I've been wading through the books trying to get my head around TAWS / EGPWS system requirements.

So far as I can tell, the regs require a TAWS, at A or B level functionality for aeroplanes or helicopters over a given size. It is normal to include a radalt feed into the system, but not strictly required - although so far as I can tell all aeroplane systems and most(?) helicopter systems do include a radalt feed.

Also so far as I can tell, there's no requirement for duplication of any part of a TAWS system, including of the radalt?

Do I read this correctly, and if I'm wrong, is anybody able to point at the regulations that prove me wrong?

Thanks IGh, that's clear enough about how it works - do you happen to know if there's any regulatory requirement for anything to be duplicated within that system?

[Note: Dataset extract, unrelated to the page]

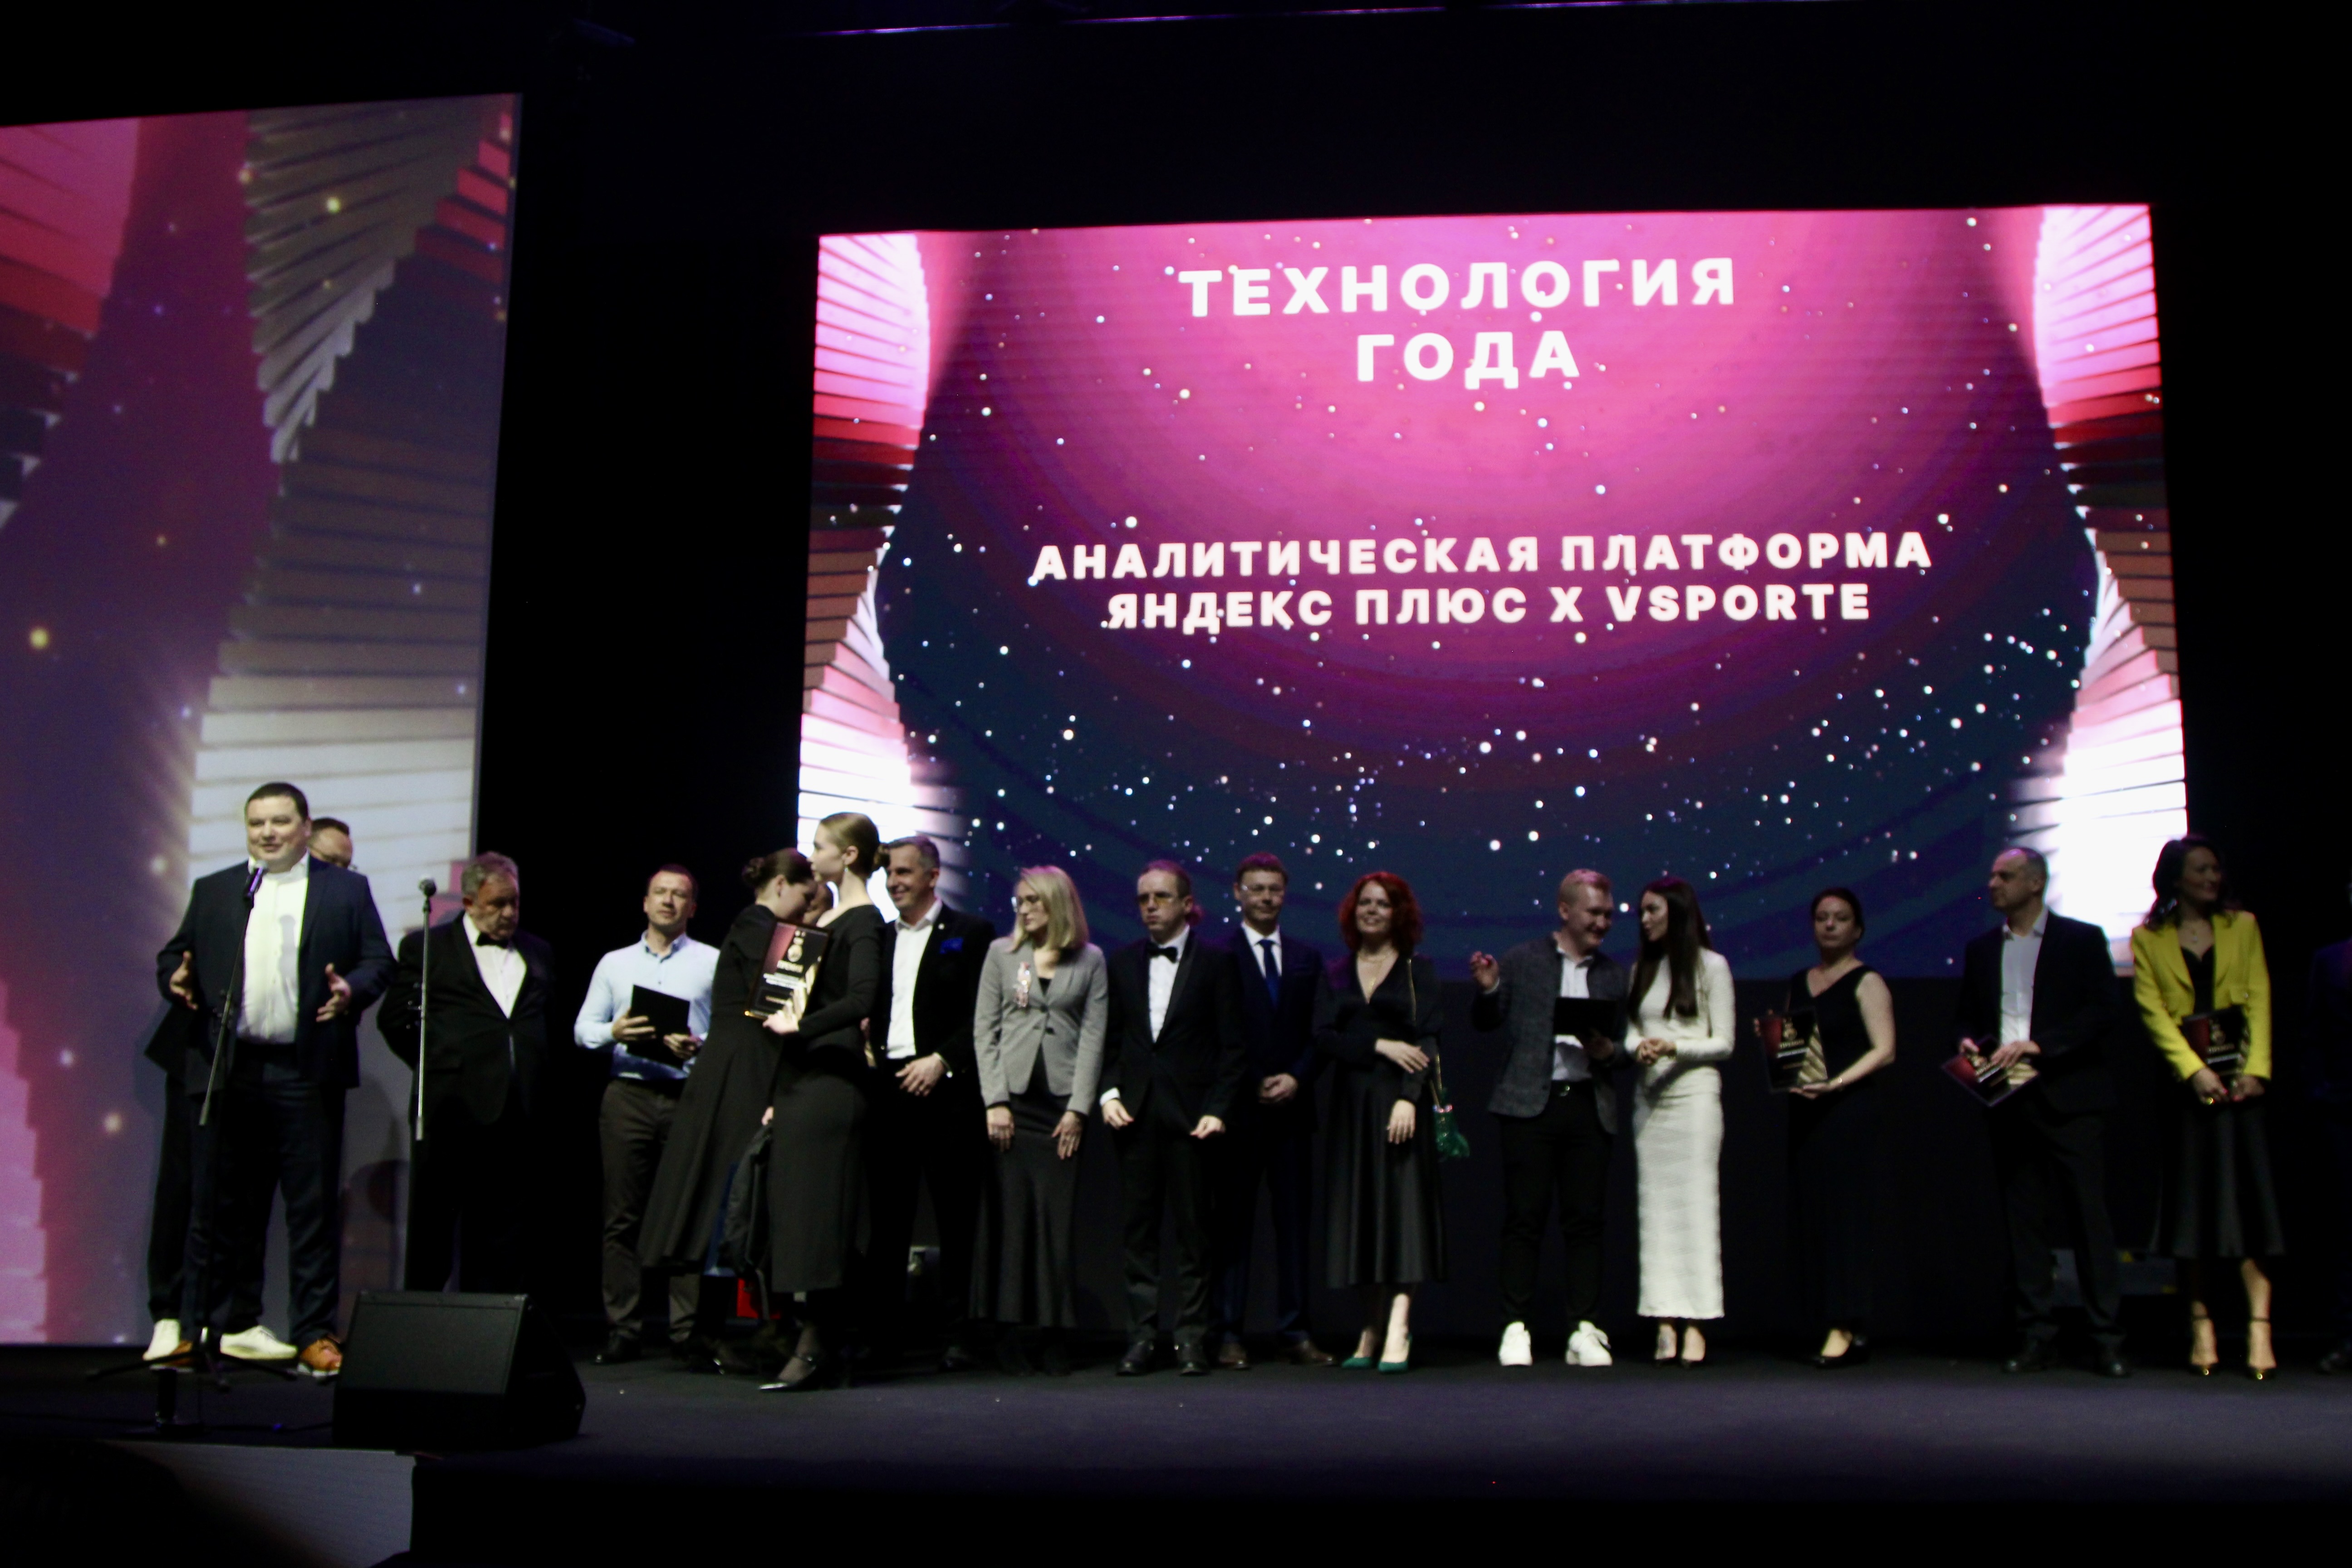 Номинацию «Технология года» на Премии СБК выиграла аналитическая платформа «Яндекс Плюс х VSporte»

G, from a regulatory aspect (ICAO Annex 6) and National Authorities Ops Reqs; all that they required is to have the appropriate level of TAWS fitted.
Technical requirements are in AC25-23 which outlines the manner in which TAWS should work, and also in TSO's (TSO 151b?).
My knowledge is dated, but I would be very surprised if any TAWS ‘A’ would be certifiable without Rad Alt.
TAWS ‘B’ might be with the use of GPS, see CAA Letter of Consultation 6 Nov 2002, but most documentation suggest that Geometric Altitude is not accurate enough.

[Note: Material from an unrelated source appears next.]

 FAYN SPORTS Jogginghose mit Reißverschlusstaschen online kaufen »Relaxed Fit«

If I recall correctly there are some TAWS alerts that can trigger on approach, e.g. high sink rate or too much bank angle below a certain height. These may depend on a Radalt input to ensure they are accurate and, perhaps more importantly, don't get triggered falsely. Baro/Inertial/GPS height may not be good enough by itself, particularly when descending in the landing configuration (as you probably know, on some aircraft types with high throttle settings + full flap/slat and gear down are not usually as amenable to static pressure error correction as they are in the cruise configuration). The addition of Radalt data in to the mix improves the accuracy in the height solution for the final phase of flight.

Having said that, given that TAWS almost certainly uses some form of Kalman filtering to fuse the data from the different height sources, I would suspect loss of the Radalt would not be a major problem. It would just reduce the accuracy slightly when operating close to the ground, particularly on approach, so the system should respond by increasing the alert thresholds a bit. It might increase the false alarm rate slightly but I doubt it would be unsafe in any way. Therefore I suspect one Radalt would be sufficient.

As to specific regulations and requirements, I would have a good look through the EUROCAE and RTCA websites and FAA ACs to see if they have a specific MASPS document or similar (if you haven't already!).

Thanks all, that's really helpful.

Just when you think you understand aviation technology, something new jumps out at your and you need to ask some dumb questions just to get a basic understanding of which stones to look under. That really is where Pprune is at its best !

WeekendFlyer:

If I recall correctly there are some TAWS alerts that can trigger on approach, e.g. high sink rate or too much bank angle below a certain height. These may depend on a Radalt input to ensure they are accurate and, perhaps more importantly, don't get triggered falsely. Baro/Inertial/GPS height may not be good enough by itself, particularly when descending in the landing configuration (as you probably know, on some aircraft types with high throttle settings + full flap/slat and gear down are not usually as amenable to static pressure error correction as they are in the cruise configuration). The addition of Radalt data in to the mix improves the accuracy in the height solution for the final phase of flight.

The original ground proximity warning system that the FAA mandated as a result of the 1974 TWA 514 CFIT crash, used only a radar altimeter and aircraft configuration. That remained unchanged until the AAL Cali, Colombia CFIT accident in 1995.